BEGIN { printf("Employees\n\n") }

END { printf("\n%d total employees\n", NR) }

{
        if (NF == 1) {
                printf("%d:\t%s\n", NR, $1)
        } else if (NF == 2) {
                printf("%d:\t%s, %s\n", NR, $2, $1)
        } else if (NF == 3) {
                printf("%d:\t%s, %s %s\n", NR, $3, $1, $2)
	} else if (NF > 3) {
                printf("%d:\t%s, %s blah blah\n", NR, $NF, $1)
	}
}

you get

Employees

1:	Nameless, Joe
2:	Madonna
3:	Ellis, Thomas Mark
4:	Polychloride, Cyril blah blah
5:	Prince
6:	Flockhart, Calista
7:	Royal, Billy Joe
8:	Tracy, Spencer

8 total employees

as output.

Notice that although this code sample uses a single nothing-pattern block to handle every text line, the first thing it does within that block is examine a characteristic of each line (the number of fields) so it can decide what kind of processing to do for each line. AWK gives us another way to structure this program: we can take the logical expressions used in the multi-way "if" construct, and use them as patterns to trigger corresponding actions. We'll call this - naturally enough - the "expression pattern." Rewriting the above:

# put names in standard form

BEGIN { printf("Employees\n\n") }

END { printf("\n%d total employees\n", NR) }

(NF == 1) { printf("%d:\t%s\n", NR, $1) }

(NF == 2) { printf("%d:\t%s, %s\n", NR, $2, $1) }

(NF == 3) { printf("%d:\t%s, %s %s\n", NR, $3, $1, $2) }

(NF > 3) { printf("%d:\t%s, %s blah blah\n", NR, $NF, $1) }

(As in the C language, a "true" expression is one that has a non-zero value.)
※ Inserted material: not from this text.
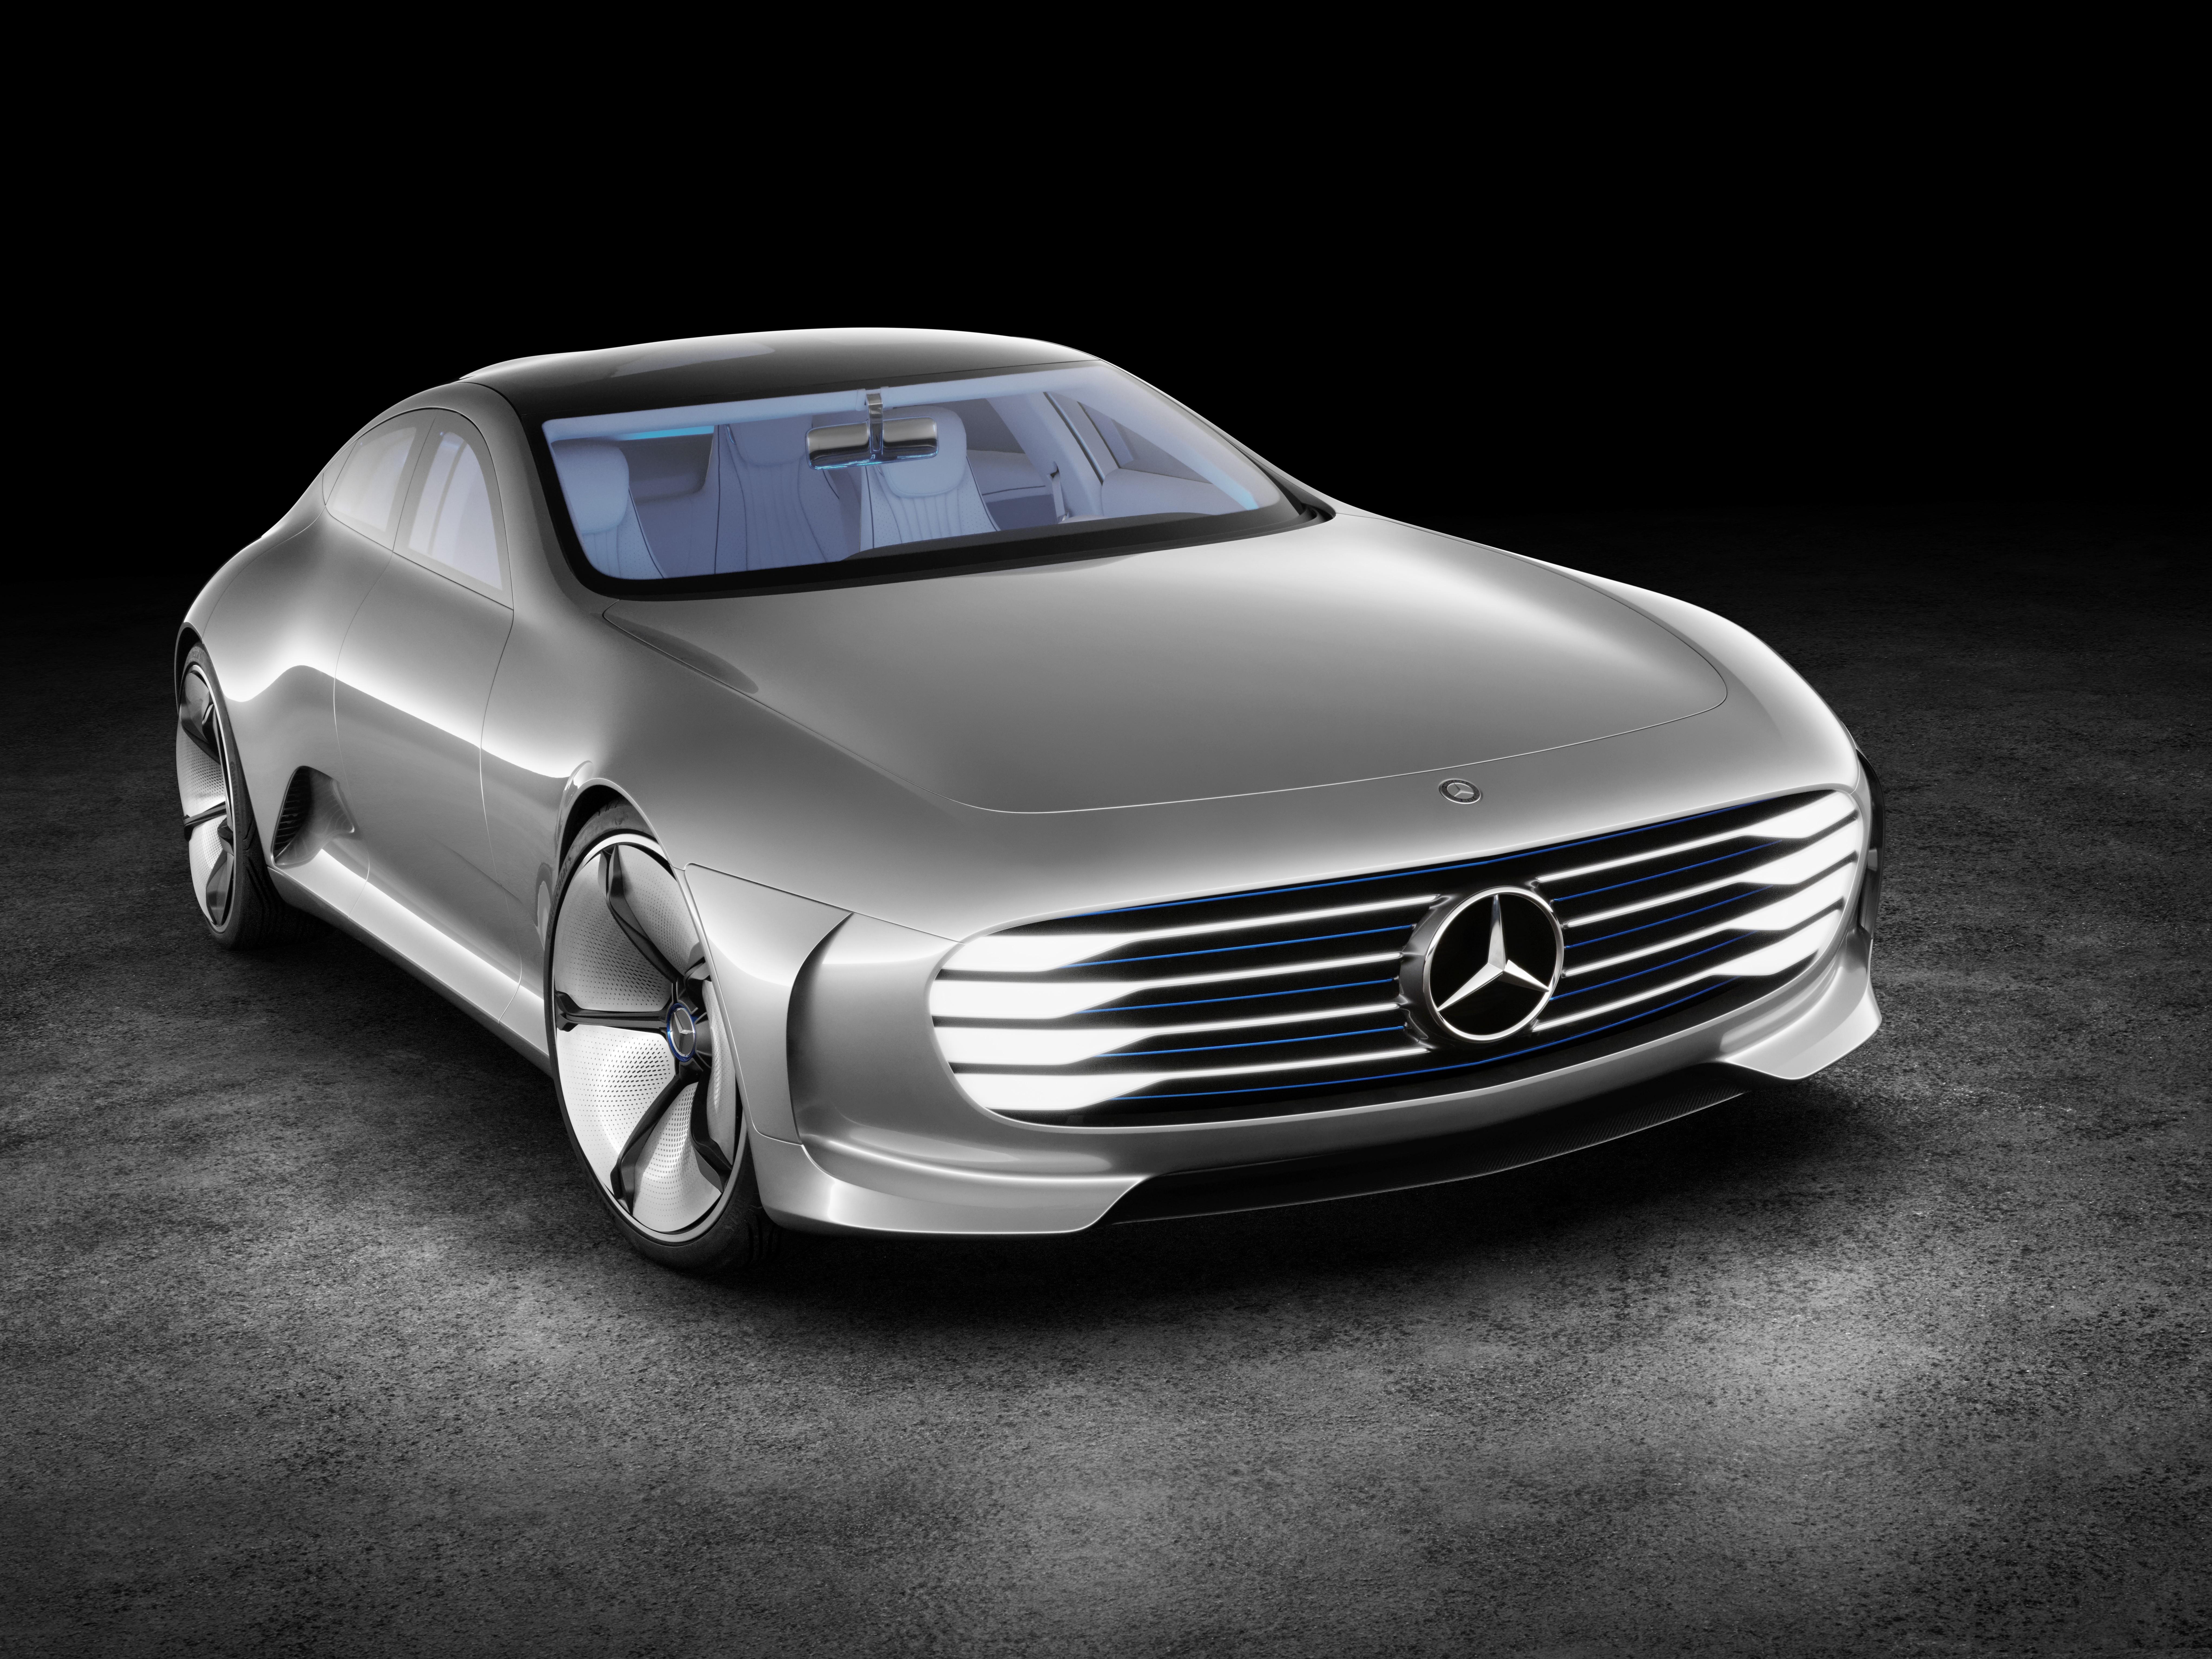 New mercedes amg concept confirmed for 2017 geneva motor for New mercedes benz concept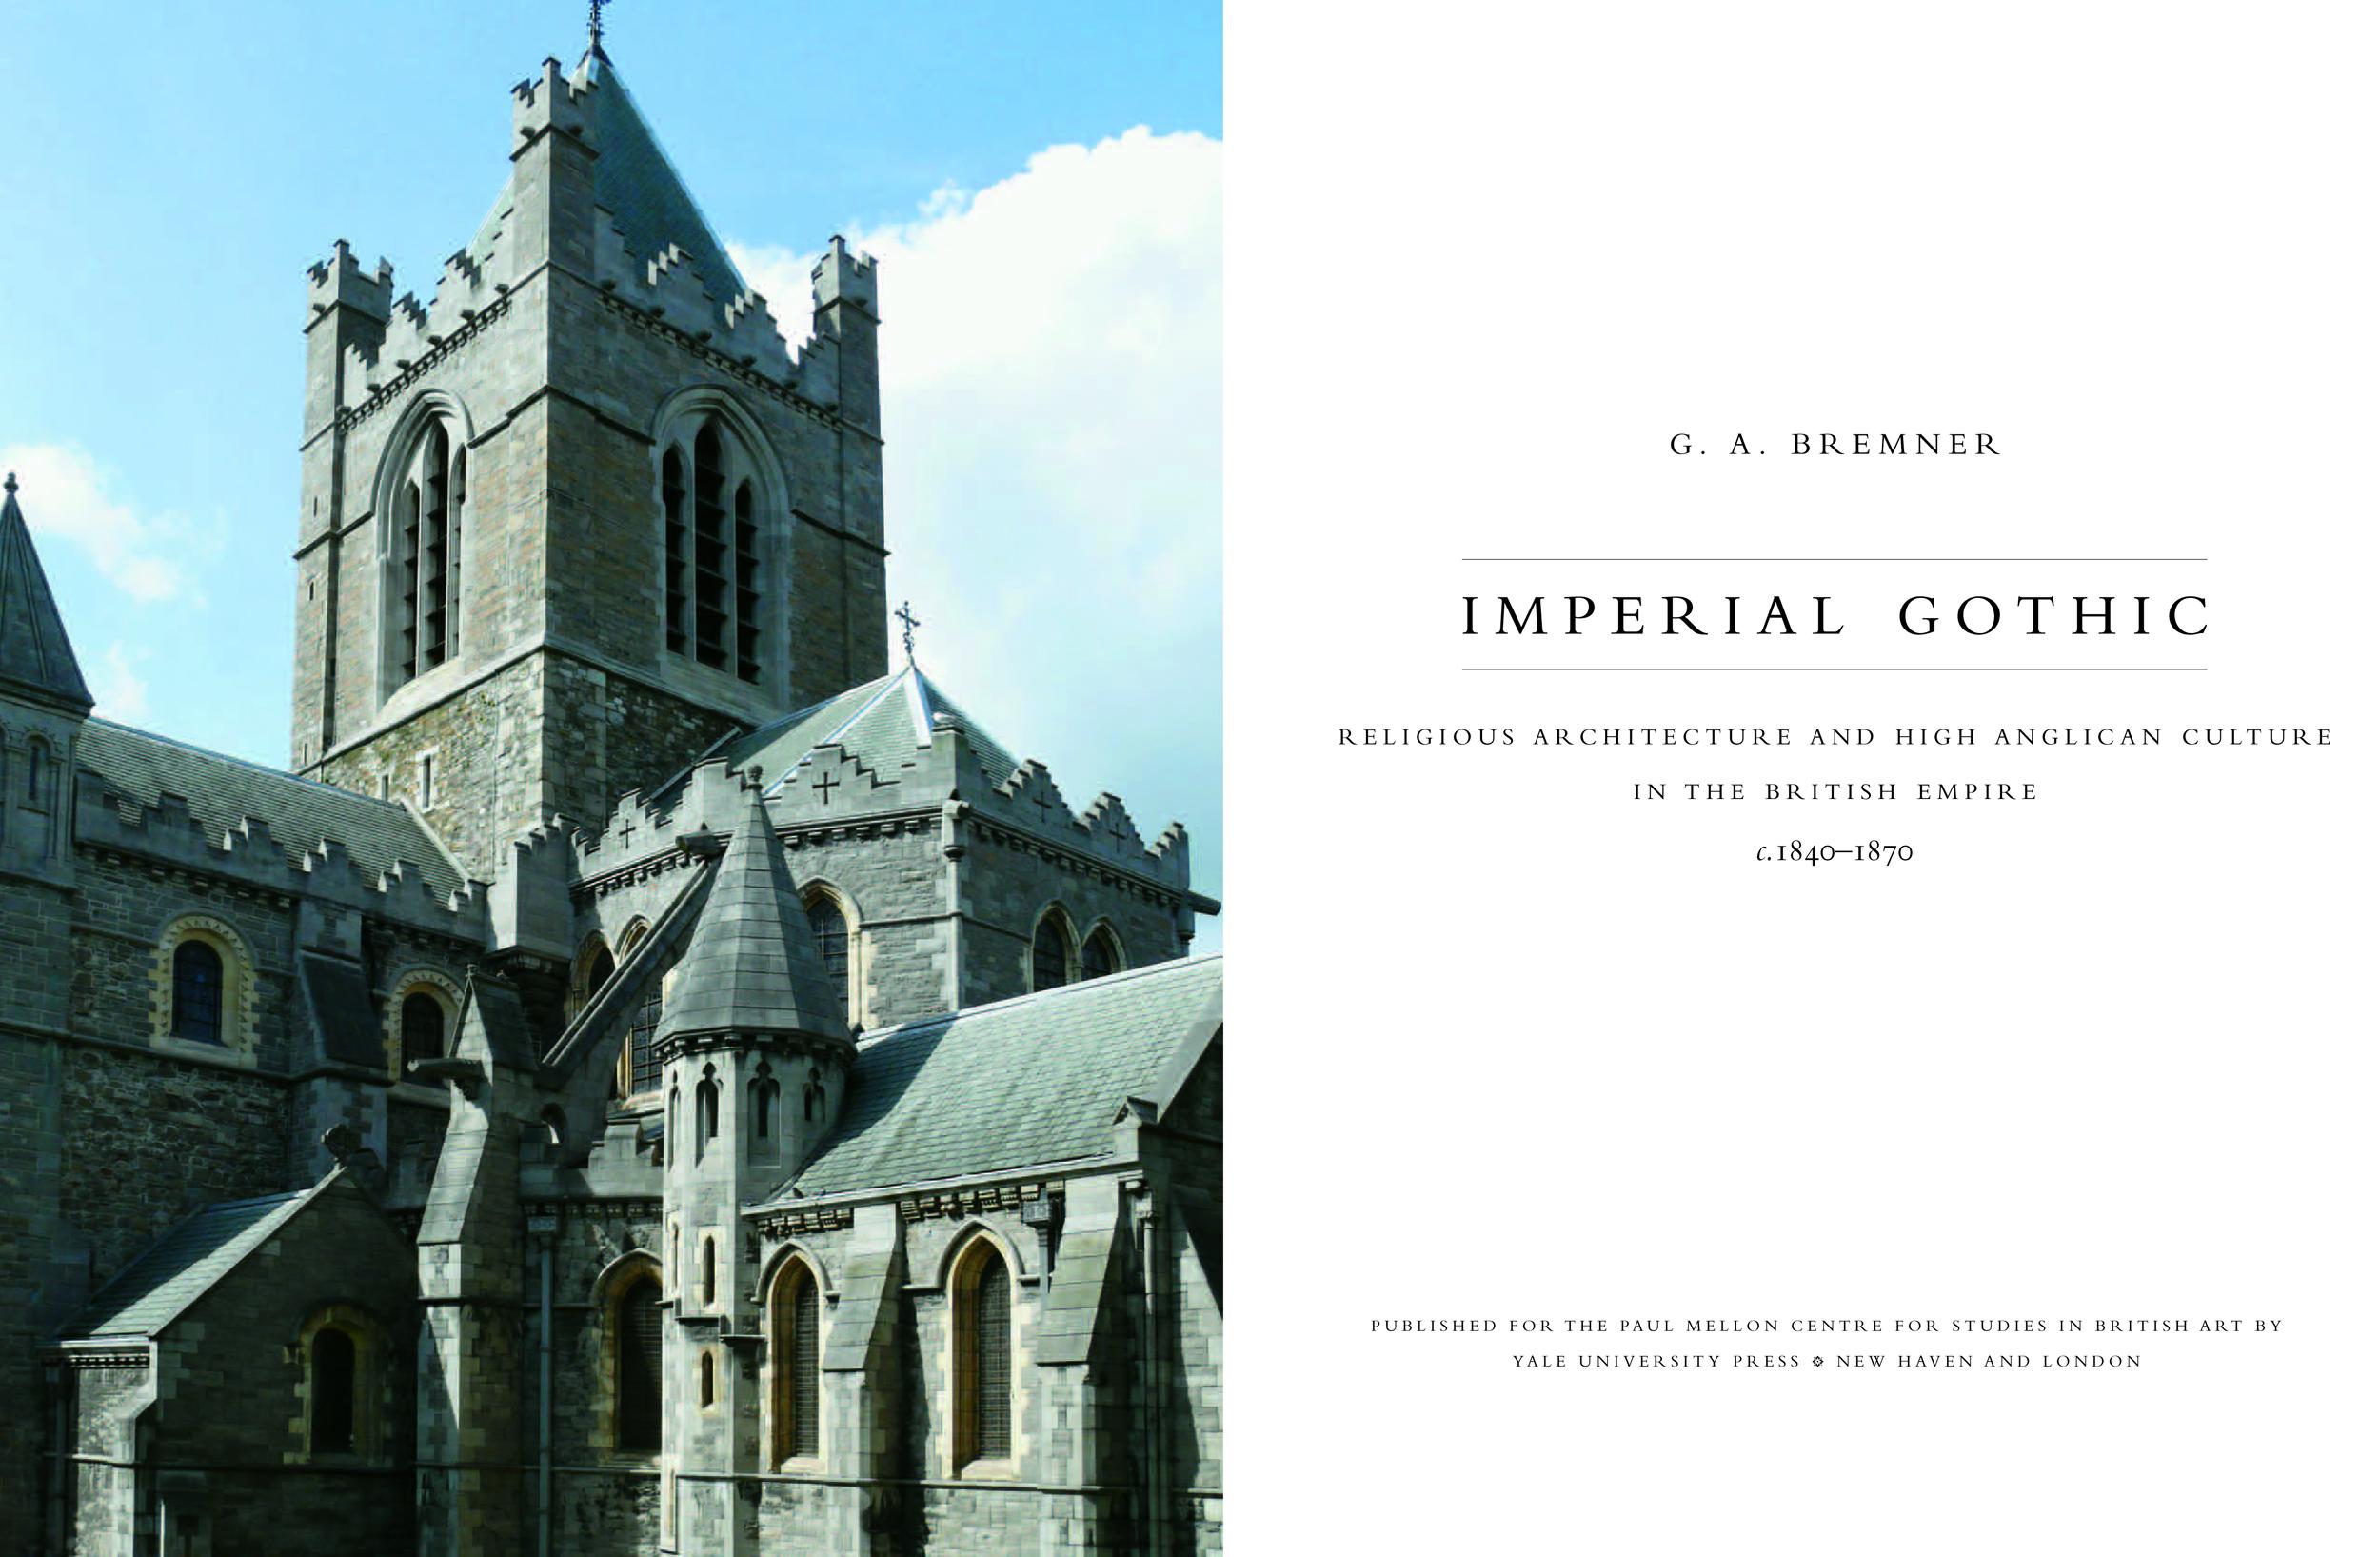 Imperial Gothic

The next examples make more practical use of built-in variables and the expression pattern. When reformatting content from other people's complicated web pages into simpler pages, I need something to block long and short lines into more regular paragraphs. Here's a way to do that if the text editor doesn't:

# wrap.awk
 
# Reformat text so that:
#       there are no leading or trailing blank lines
#       a single blank line separates paragraphs
#       all lines begin in the first column
#       lines break iff adding next string exceeds line length
#       strings are not broken
#       no line is longer than lineSize unless a single string is longer
 
BEGIN {
        lineSize = 80
        column = 0
        writeBlank = 0
}

# Blank line - write newline and reset column counter
 
(NF == 0) {
        if (writeBlank) {
                printf("\n\n")
                column = 0
                writeBlank = 0
        }
}
 
# Non blank line - copy all strings.  Cases are:
#       string length > line length - put it on a line by itself
#       string starts in column 0 and fits
#       string starts in other column and fits
#       string forces wrap
 
(NF != 0) {
        writeBlank = 1
        for (i=1; i<=NF; i++) {
                if (length($1) >= lineSize) {
                        if (column != 0) {
                                printf("\n");
                        }
                        printf("%s", $i)
                        column = length($1)
                } else if (column == 0) {
                        printf("%s", $i)
                        column = length($i)
                } else if (column + 1 + length($i) < lineSize) {
                        printf(" %s", $i)
                        column = column + 1 + length($i)
                } else {
                        printf("\n%s", $i)
                        column = length($i)
                }
        }
}

When importing plain text files into a word processor, it's often necessary to strip out linefeeds to let the word processor do its own soft wrapping. That's easy enough...

# unwrap.awk

# Reformat text so that:
#       there are no leading or trailing blank lines
#       a single blank line separates paragraphs
#       all lines begin in the first column
#       each paragraph is one (possibly long) line

# This gets rid of hard line wrapping when text is being
# exported to a word processor that will do its own soft
# line wrapping.

BEGIN {
        writeSpace = 0
        writeBlank = 0
}

# Blank line - write newline and reset column counter

(NF == 0) {
        if (writeBlank) {
                printf("\n\n")
                writeSpace = 0
		writeBlank = 0
        }
}

(NF != 0) {
        writeBlank = 1
        for (i=1; i<=NF; i++) {
                if (writeSpace) {
                        printf(" ")
                } else {
                        writeSpace = 1
                }
                printf("%s", $i)
        }
}

As a text-oriented language built around pattern matching, AWK naturally includes a regular-expression pattern. In that pattern, the regular expression to be matched is enclosed between forward slashes. The simplest such pattern is a string of ordinary characters to be interpreted literally:

/ERROR/ { print $0 }

The one-line script above echoes all lines containing the string "ERROR".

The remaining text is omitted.